Monday, September 12, 2005

9/11 and the Death of Art

Among the fine insights in the latest issue of the American Enterprise Online:
Militarily and diplomatically, an enormous amount has been accomplished across different parts of the globe since September 11, 2001. Back home, though, in our own politics and culture, much of America has been surprisingly little changed by the most deadly attack ever on our homeland.

You can see this in many places. For instance, for more than two years now I’ve been trying to gin up an article for TAE cataloguing some worthy art inspired by 9/11. Surely, I assumed, an event of this historical moment and psychological impact must have hatched lots of powerful poems and plays and pictures. I was wrong.

Here was a cataclysm whose Ground Zero was literally a stroll away from the main centers of American painting and sculpture, music composition, filmmaking, literature production, and other imaginative work. You would think the sheer magnitude of this event in their own backyards would have grabbed the imagination of many artists (not to mention editors and producers and gallery owners) and sent cadres of long-haired men and short-haired women running to their studios to produce arresting works.

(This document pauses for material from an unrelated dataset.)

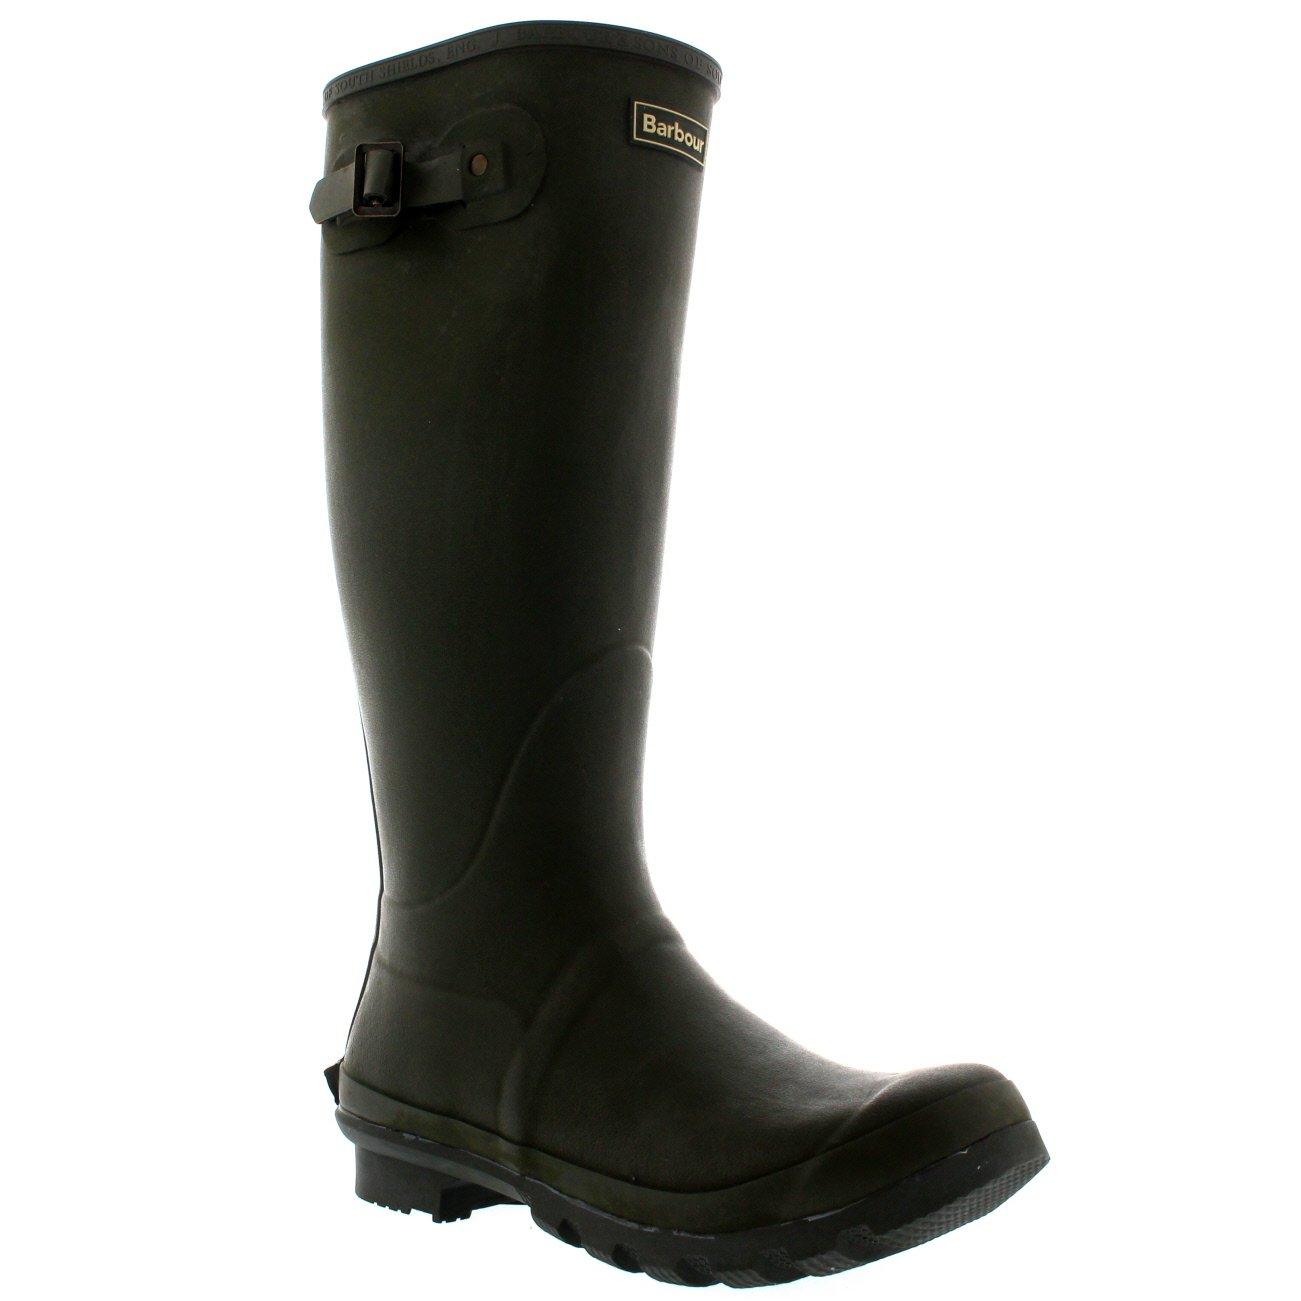 Barbour Mens Bede Winter Mid Calf Snow Waterproof Rain Wellington Boots - Olive - 10-43

Yet this hasn’t happened. There is no “Guernica” painted for 9/11. Nothing like The Red Badge of Courage, or All Quiet on the Western Front, or Slaughterhouse-Five has been written. No "Music for Prague 1968," or anything close, is now being played. The Manhattan creative class hasn’t produced even a Forrest Gump to capture in popular form the circumstances and emotions of that searing day.

Why not? My conclusion, after watching this odd black hole spread through America’s creative communities over several years, is that most contemporary artists are unwilling to absorb the hard lessons of this event. They’d rather not face the implications. [Or maybe it would cut into their work for the Leftist-Islamist alliance's fifth column - ed.]

Lord knows, the creative class mobilized their artistry in response to the AIDS epidemic. Remember the endless AIDS Quilt projects? The interminable string of Broadway plays documenting the personal horrors of HIV?

But recognizing that America has ruthless and evil Third World enemies who will kill us unless we kill them first? Umm, I think I’d rather work on my novel about the secret repression of gay pastors in Dallas, or polish my screenplay assailing greedy corporations for selling infant formula in Africa.